March 12, 2015

Law and Legitimacy

Gabriela Goudenhooft, University of Oradea, Faculty of History, International Relations, Political Sciences and Communication Sciences (IRISPSC), has published Legitimacy: Rituals of Legality and Discursive Authority. Here is the abstract.

This paper aims to explore the concept of legitimacy from a transdisciplinary and interdisciplinary perspective. The concept of legitimacy is claimed by many disciplines and its roots and formulations can be found in many of them, including law, political science, sociology and, not ultimately, philosophy.

The attempt of explaining the meanings of the concept of legitimacy was also done by reference to other concepts such as legality, authority and sovereignty, identity, democracy, rationality, public space etc.

The first question that we wanted to answer is the following: is legitimacy a quality or rather a relationship? Roman law designed legitimacy in an area of identity, where individuals structure their civil status, family relations and also heritage issues with other individuals. It is primarily about family law and civil law (hereditas legitima, tutela legitima, filius legitimus, successores legitimi, legitimum imperium, potestas legitima, scientia legitima etc.). From this area comes legitimacy’s meaning of compliance with specific order, its relations with legality; here are the forefathers of procedural legitimacy which will be kept even nowadays.

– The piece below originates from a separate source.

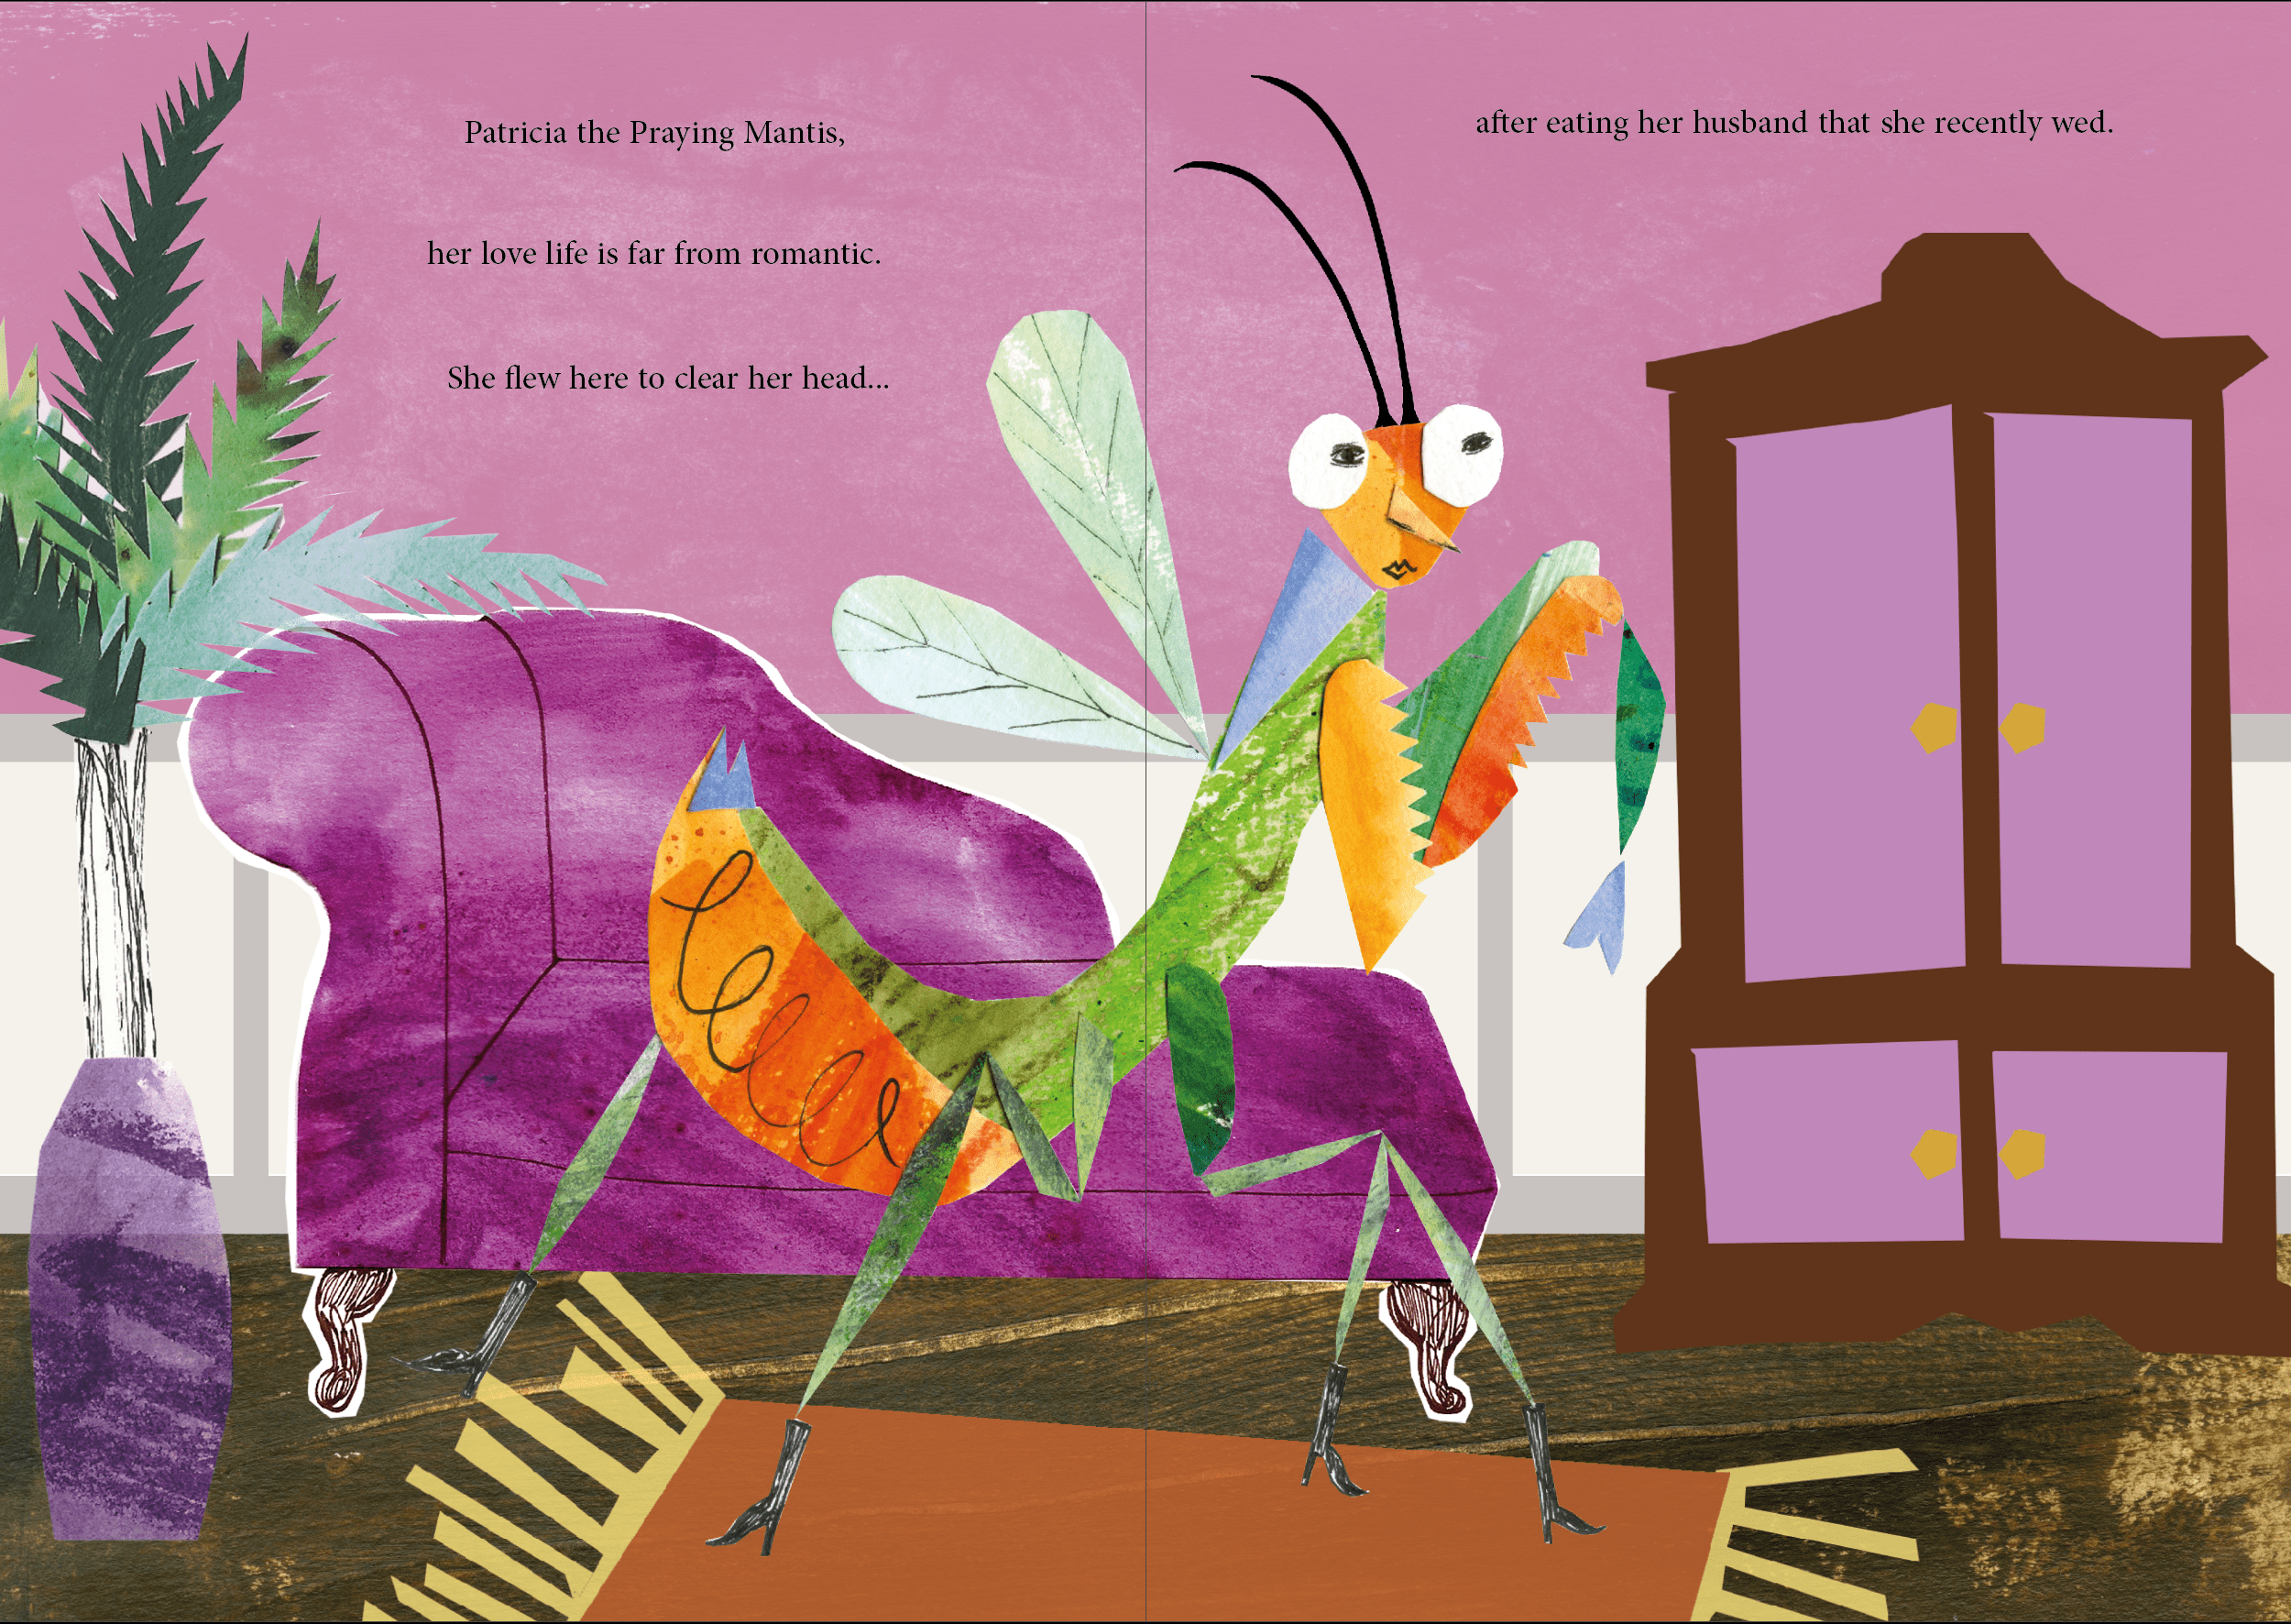 Double page spread from The Hive Hotel Book, showing a collage praying mantis inside a pink hotel room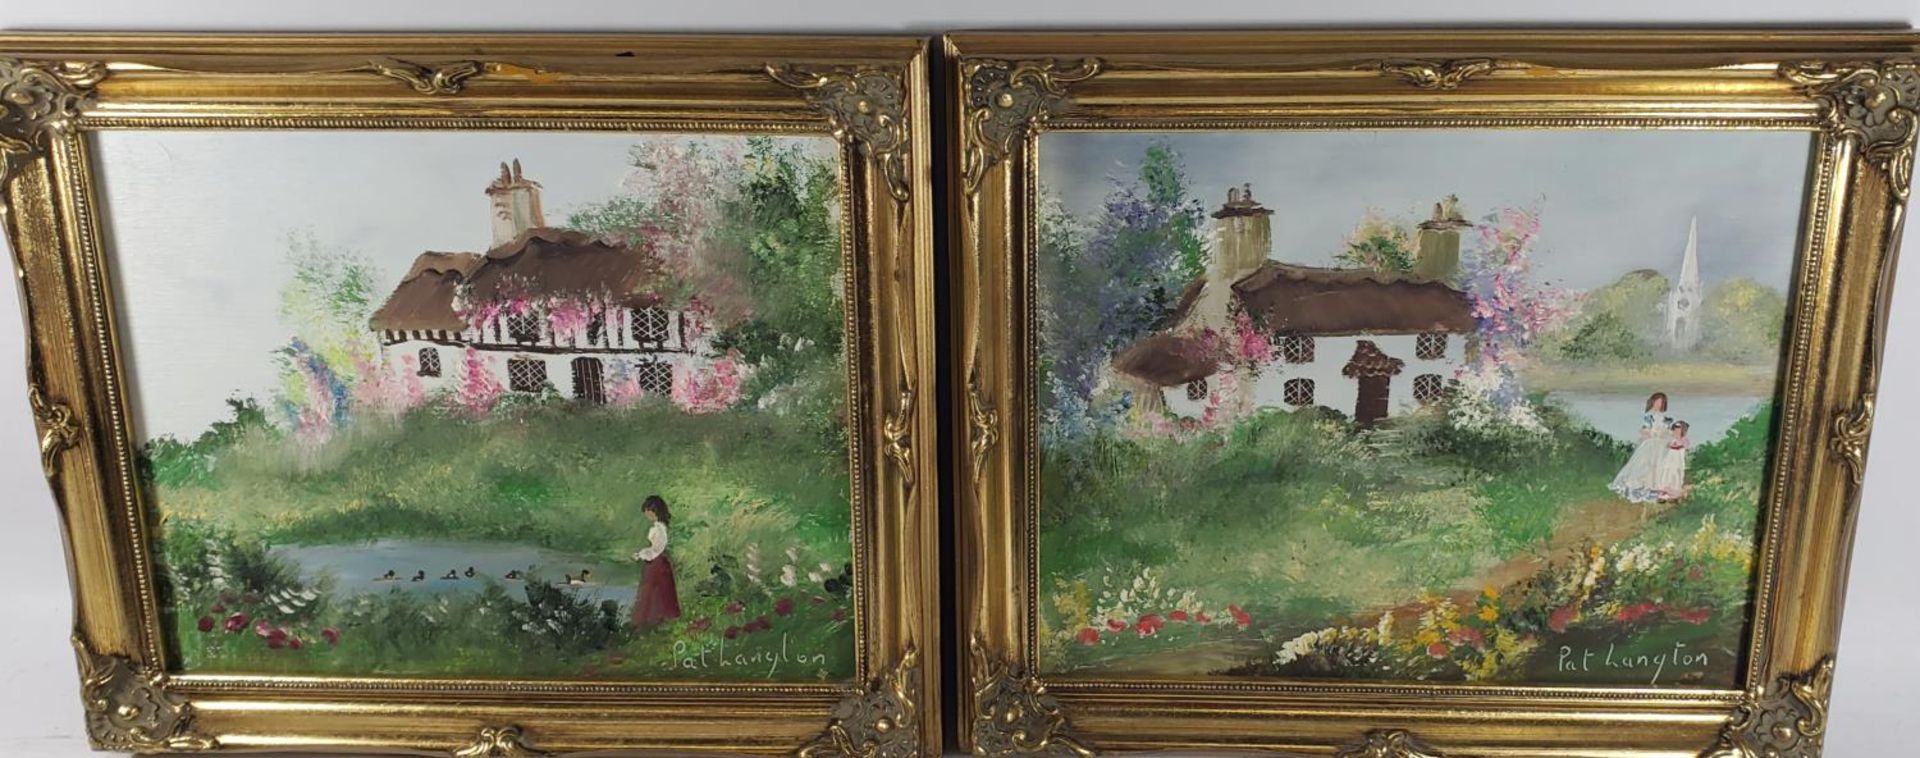 TWO PAT LANGTON SIGNED OILS ON BOARD OF COTTAGE SCENES, ONE WITH A BRIDE AND BRIDESMAID, THE OTHER A

From a philosophical point of view, legitimacy implies the existence of a specific order which is superior to anomie, to the lack of law, to disorder or illegitimacy. The relationship between legitimacy and order explains the necessary rituals for establishing this order, rituals which have a symbolic power.

From a socio-political perspective, legitimacy represents people's faith in legitimacy, induced by the ability of a political system of imposing and maintaining it; the belief that the existing political institutions are the most appropriate for a given society (Weber, Lipset). Legitimacy is often conceived as a quality attributed to the regime by the people through the trust induced by the regime (Merelman). In this respect the legitimacy can be seen as an umbrella protecting the government in their actions. Moreover, legitimacy justifies the government’s actions and even the general command-obedience relation. Therefore, the power is concerned to find arguments to support its own legitimacy (legality, values and consensus) and when a crisis of legitimacy occurs, to find a way to regain it.

Legitimacy arises in competitive contexts and interrogates the democratic procedures and their righteousness (free elections and the principle of majority).

To investigate such diverse areas we had to deal with taxonomy, the analysis of the types of legitimacy, its different species: from the classical division of legal-rational legitimacy, traditional and charismatic legitimacy to noncompetitive and competitive legitimacy; then the input legitimacy versus output legitimacy; legitimacy through formation versus the legitimacy by mandate; to new forms of legitimacy: legitimacy of impartiality, legitimacy of reflexivity, legitimacy of proximity and so on.

Modern society cannot be conceived outside the legal order, the principle of legality and the rule of law, or outside the primacy of human rights. Thus, the evolution of legitimacy on the stage intersects with the values agreed upon by society, in order to achieve the above mentioned objectives. In our world, both the state actors and the private actors, who claim the right to act in the sphere of legitimacy, contribute to their achievement. Moreover, we are talking about international legitimacy and on the "over-state of law". Legitimacy thus invaded broader spheres: the private one, the sphere of national political-constitutional systems, the international one, comprising interstate relations and the community one -- European Union (EU).

An important part of the study regards the symbolic, ritual and discursive answers to the current issues of legitimacy, especially as alternatives to the contemporary legitimacy crisis. Political power oscillates between using rational means of legitimation (legality perspective) or symbolic means through myth and ritual, generally through magical thinking. All this takes place and develops through a public discourse, benefiting from media dissemination and coverage and becoming a show and a game that fascinates the public, manipulating it and anesthetizing its critical spirit.

But speech doesn’t have the required force to achieve the desired objectives unless it is an authorized, legitimate discourse. The instrumentalization of the discourse requires persuasive strategies configuration that is based on cognitive and pragmatic behavior in order to increase its performance.

These areas are the current playground of the public sphere, where there is an unsettling shift from a conventional to a postconvenţional stage, where moral conscience faces increasingly difficult challenges and where legitimacy rethinks its criteria.